Tenho me referido à importância da I Consocial, a Conferência Nacional sobre Transparência e Controle Social, realizada em meados de maio deste ano, em Brasília, como um marco no processo da difícil, porém não impossível, superação de nossa cultura de impunidade por uma cultura de plena cidadania. O saldo das discussões nas dezoito comissões, durante três dias inteiros, foi extremamente positivo. Foram mais de 1.200 participantes encarregados de transformar as 3.400 propostas nas 80 diretrizes finais que irão subsidiar um Plano Nacional sobre Transparência e Controle Social.
A proposta recordista, com 970 votos,trata de uma questão fundamental que, se não enfrentada por nossos parlamentares na comissão especial de reforma política do Congresso Nacional, será seguramente priorizada e tematizada como campanha das organizações da sociedade civil brasileira. Seu objetivo é o de “instituir o financiamento exclusivamente público para campanhas eleitorais, com um valor limitado e igual para todos”. A resolução pretende, também, suspender os direitos políticos dos candidatos que insistirem em usar financiamentos privados. Pode-se até discordar do “exclusivamente”, mas a identificação da origem de nossas mazelas de representação política foi exemplarmente feita e consensuada.
Mas outras propostas também tiveram excelente votação. É o caso da que prevê a regulamentação, em todos os níveis da Federação, que toda e qualquer publicação de dados públicos na web seja em formato aberto (ou seja, livre de direitos ou royalties de uso), definindo planos anuais com cronogramas, aspectos técnicos, responsabilidades, indicadores e metas de abertura de dados, para facilitar sua obtenção, análise e reaproveitamento pela sociedade. Ou a proposta que prevê mais transparência no poder Judiciário, com obrigatoriedade de divulgação de prestação de contas, carga horária, folha de remuneração e outras informações de magistrados e serventuários da justiça.
Vale também comentar a aprovação da proposta, com 687 votos, que prevê a inclusão das disciplinas ligadas à cidadania na grade curricular do ensino público nacional em todos os níveis, e que dão bem a medida de discernimento que a cidadania demonstra, ao contrário dos esquerdistas apressados que baniram a disciplina sob a alegação de doutrinação da ditadura, jogando fora a criança com a água do banho. Outras propostas importantes selecionadas são as que incluem a corrupção como crime hediondo, a que acaba com o foro privilegiado de parlamentares e a que determina o fim do voto secreto nas votações nos legislativos em todas as esferas. Sem dúvida, um grande marco na evolução da cultura de cidadania no Brasil e que mostrou um inédito trabalho conjunto entre representantes do poder público (30% dos participantes), da sociedade civil (60%) e dos conselhos de políticas públicas (10%).

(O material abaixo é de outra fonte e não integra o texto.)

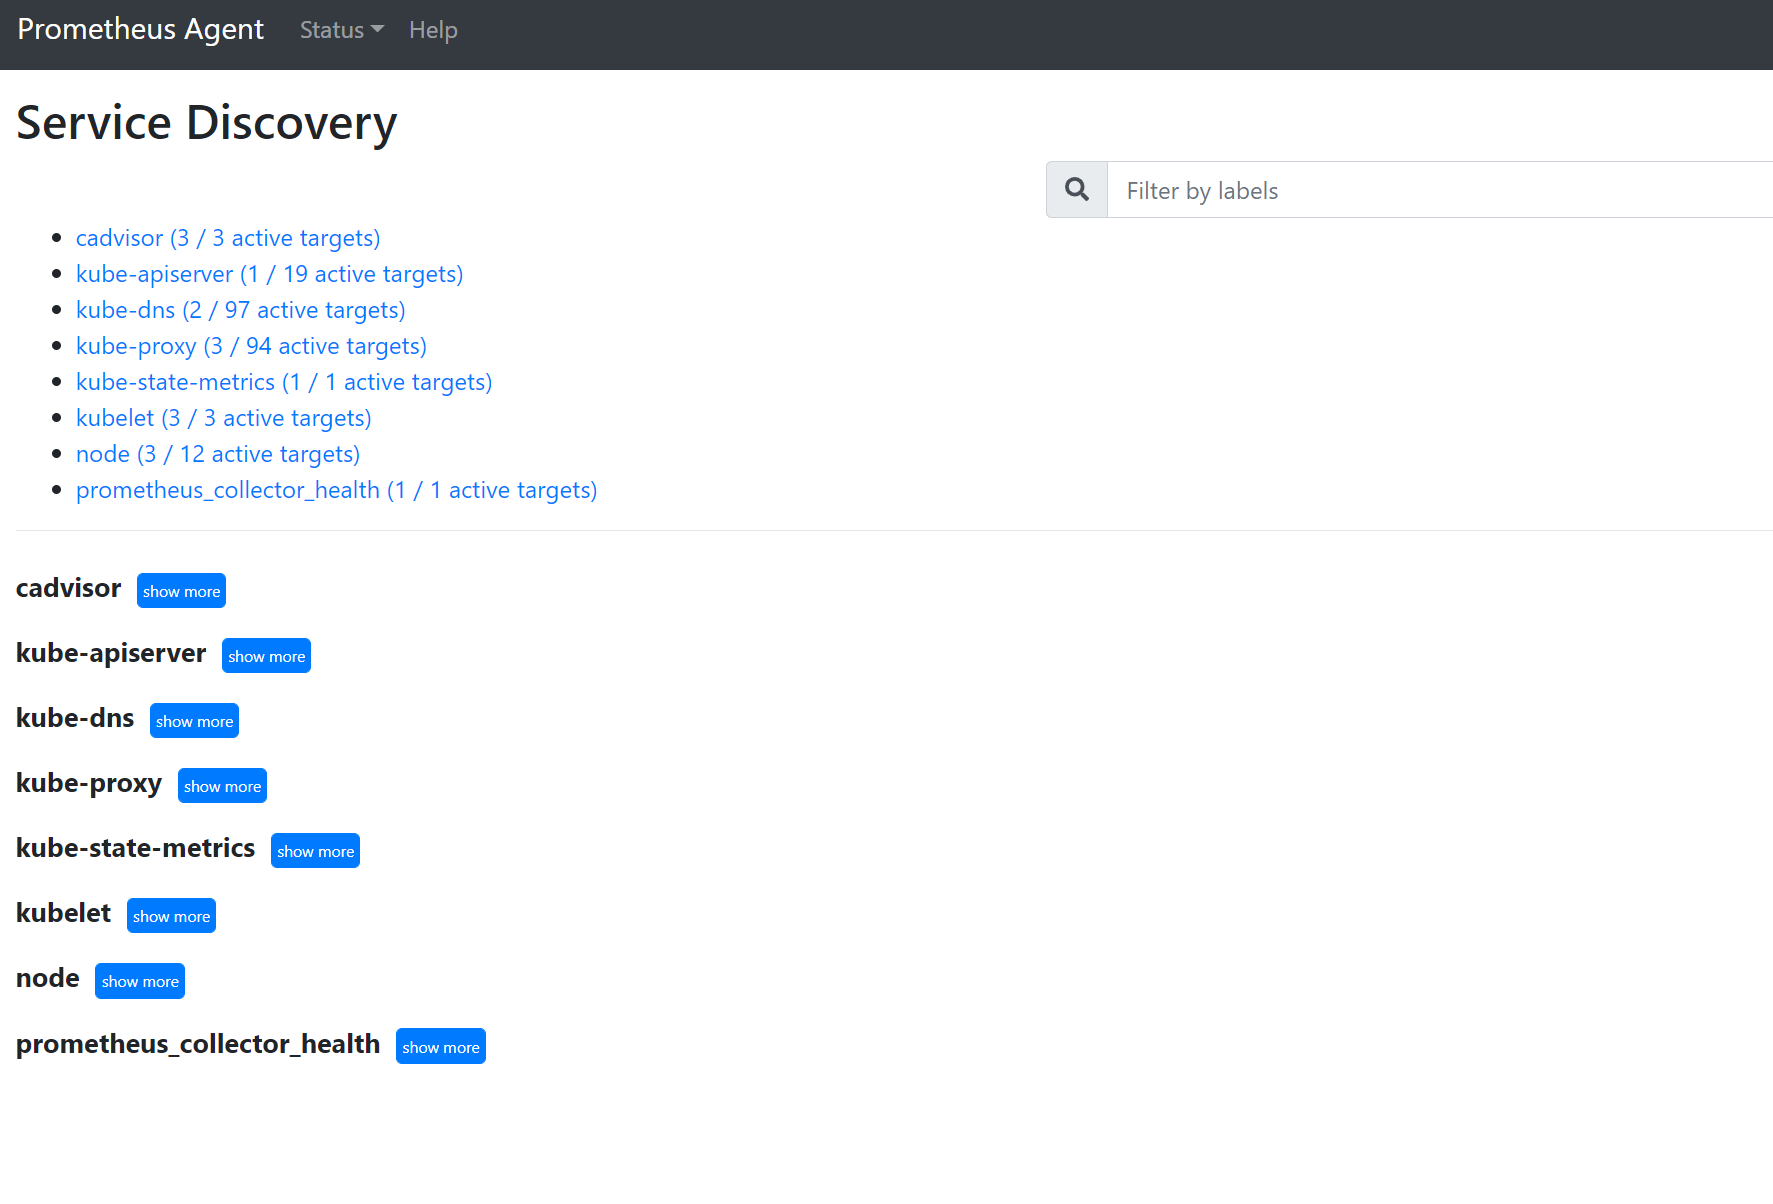 Screenshot showing service discovery.

Mas, para além de uma das propostas mais votadas, com 385 votos, e que reputo uma das mais estratégicas, ressalto aqui a que trata de uma grande reforma nos órgãos de controle externo e interno do poder público. A importância disso é óbvia. Sem órgãos independentes, autônomos, livres do jogo político-partidário nem sempre transparente e ético, o uso adequado do meu, do seu, do nosso dinheiro nem sempre é respeitado. A proposta é extensa e engloba os mais variados dispositivos, como a proibição da liberação de verbas para obras licitadas antes de o projeto executivo estar finalizado; e a criação de um plano de prevenção à corrupção, com metas a cumprir por parte dos ministérios e secretarias estaduais e municipais.
Além das disposições que, indo mais além,prevêem mudanças de critérios para a indicação de ministros e conselheiros dos tribunais de contas da União e dos estados, dos chefes do Ministério Público e da Defensoria Pública da União e dos estados, sem que seja feita através de indicação do Poder Executivo. A ideia é dar aos órgãos mais autonomia na escolha de profissionais de carreira e concursadospara as instituições e, assim, propiciar maior eficiência, agilidade e independência nos processos. Não custa nada lembrar casos explícitos de nepotismo ou, no mínimo, pressão política indevida sobre esses órgãos, como a escolha da mãe do governador de Pernambuco Eduardo Campos, Ana Arraes, para o conselho do Tribunal de Contas da União ou, em outro caso recente, a mulher do governador do Piauí, Wilson Dias, ungida para o conselho do Tribunal de Contas do Estado, onde irá vigiar os gastos do próprio marido. Ou seja, é cada vez mais necessário que nossos legisladores compreendam de vez o grande recado desta Consocial, sobretudo no que se refere aos órgãos de controle. A cidadania quer, ou melhor, exige, maior efetividade e mais rigor na estruturação e na ação dos órgãos públicos responsáveis pela fiscalização dos recursos públicos, como a CGU, o TCU e o próprio MPU.